Takes vastly more energy to produce longer chain hydrocarbons.

The only way to do either pragmatically is to provide this in direct combination with a metric crapton of 'free energy' (solar/wind/geo/hydro).

But when you do that, you need to make up the metric crapton of free energy taken out of the power grid/whatnot with other sources. Which typically means extracting energy by means of.....

burning fossil fuels.

This is also why production level corn ethanol as practiced in the US is stupid as rocks as well. Takes 1.4 BTUs of energy to make 1 BTU of ethanol.
I knew someone from Rice could explain it.

So such an operation would need not only the extraction plant but a big-ass solar farm next door (since burning gasoline to make gasoline makes little sense, unless it somehow involves the state with the first presidential primary contest), which is going to make it a tough equation to beat fossil fuels on price for the near future.
(06-08-2018 10:12 AM)58-56 Wrote: [ -> ]
(06-08-2018 09:55 AM)arkstfan Wrote: [ -> ]The cost of the technology early on is going to be an issue even with this representing a huge reduction in the cost of the process.

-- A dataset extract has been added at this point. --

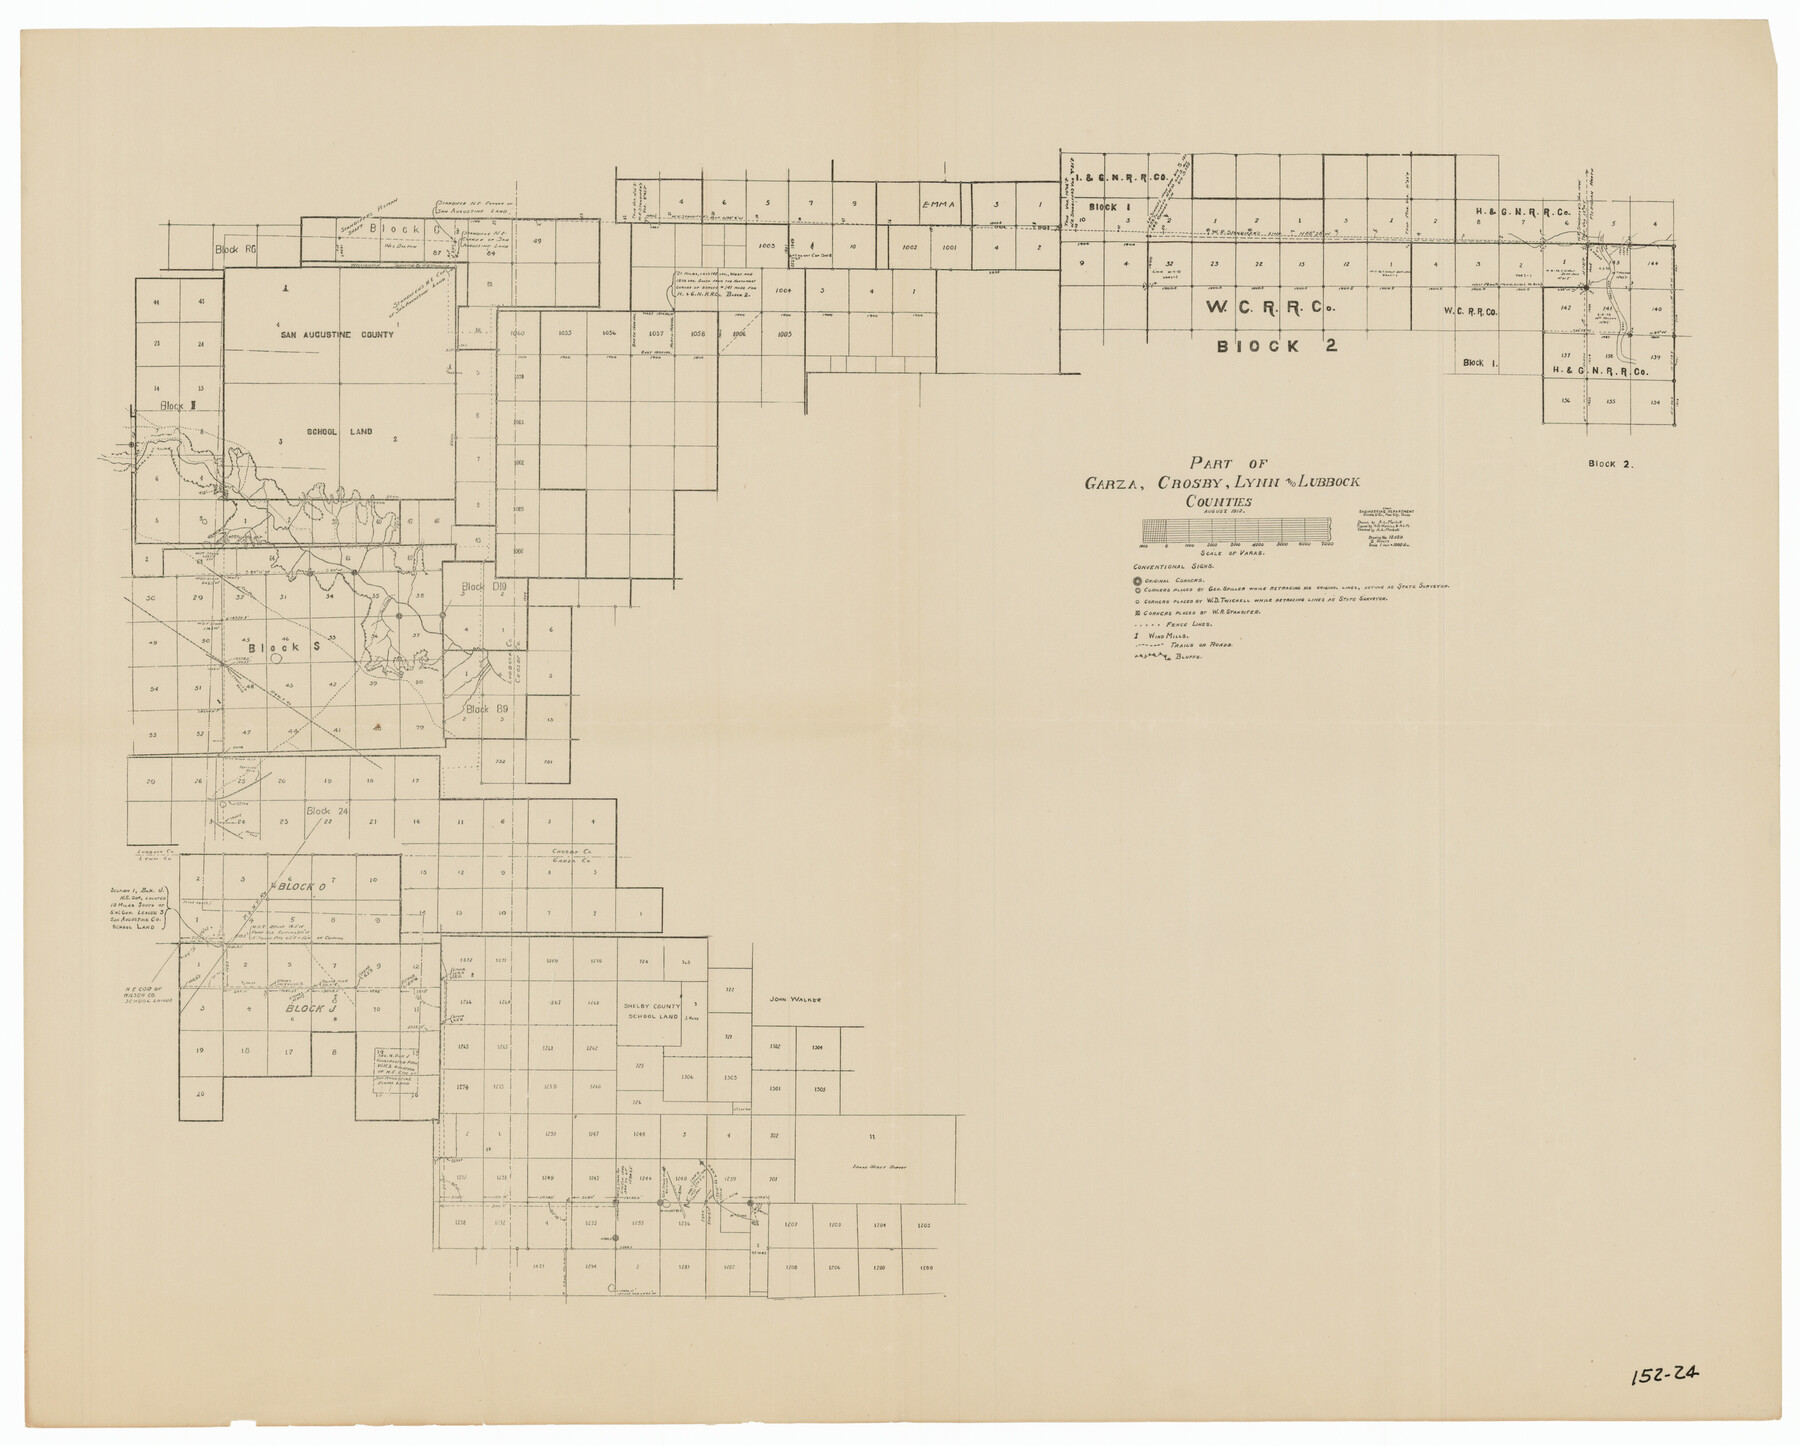 91328, Part of Garza, Crosby, Lynn, and Lubbock Counties, Twichell Survey Records

I'd think you'll have a lot of governments of energy-vulnerable states - EU, Japan, India - very willing to subsidize, which might offset that difficulty.

China probably has the perfect mix. High demand for energy vs controlled supply, high resource economy and significant pollution issues.

Finland is/was giving surplus wind generation to Germany at night because their wind capacity exceeds demand.

Making carbon slurry at night might be a viable project for them.
Far West Texas as well. Wind farms out the kazoo there.

So many and so much power generated that the price of electricity goes negative during off peak hours.

For big wind farm glut areas -- it could be a perfect match, tbh.
Apologies -- misidentified the reaction needed.

Should be:

https://en.wikipedia.org/wiki/Bosch_reaction
You've got an enormous biomass of photosynthetic life from plants to phytoplankton and some bacteria that can't pull CO2 from the atmosphere fast enough. This will be like trying to stop a hurricane with a fan.

And honestly, I'm glad that geoengineering most likely won't work, because the Law of Unintended Consequences tends to take over when you try to perturb a really complex system (climate) you don't understand.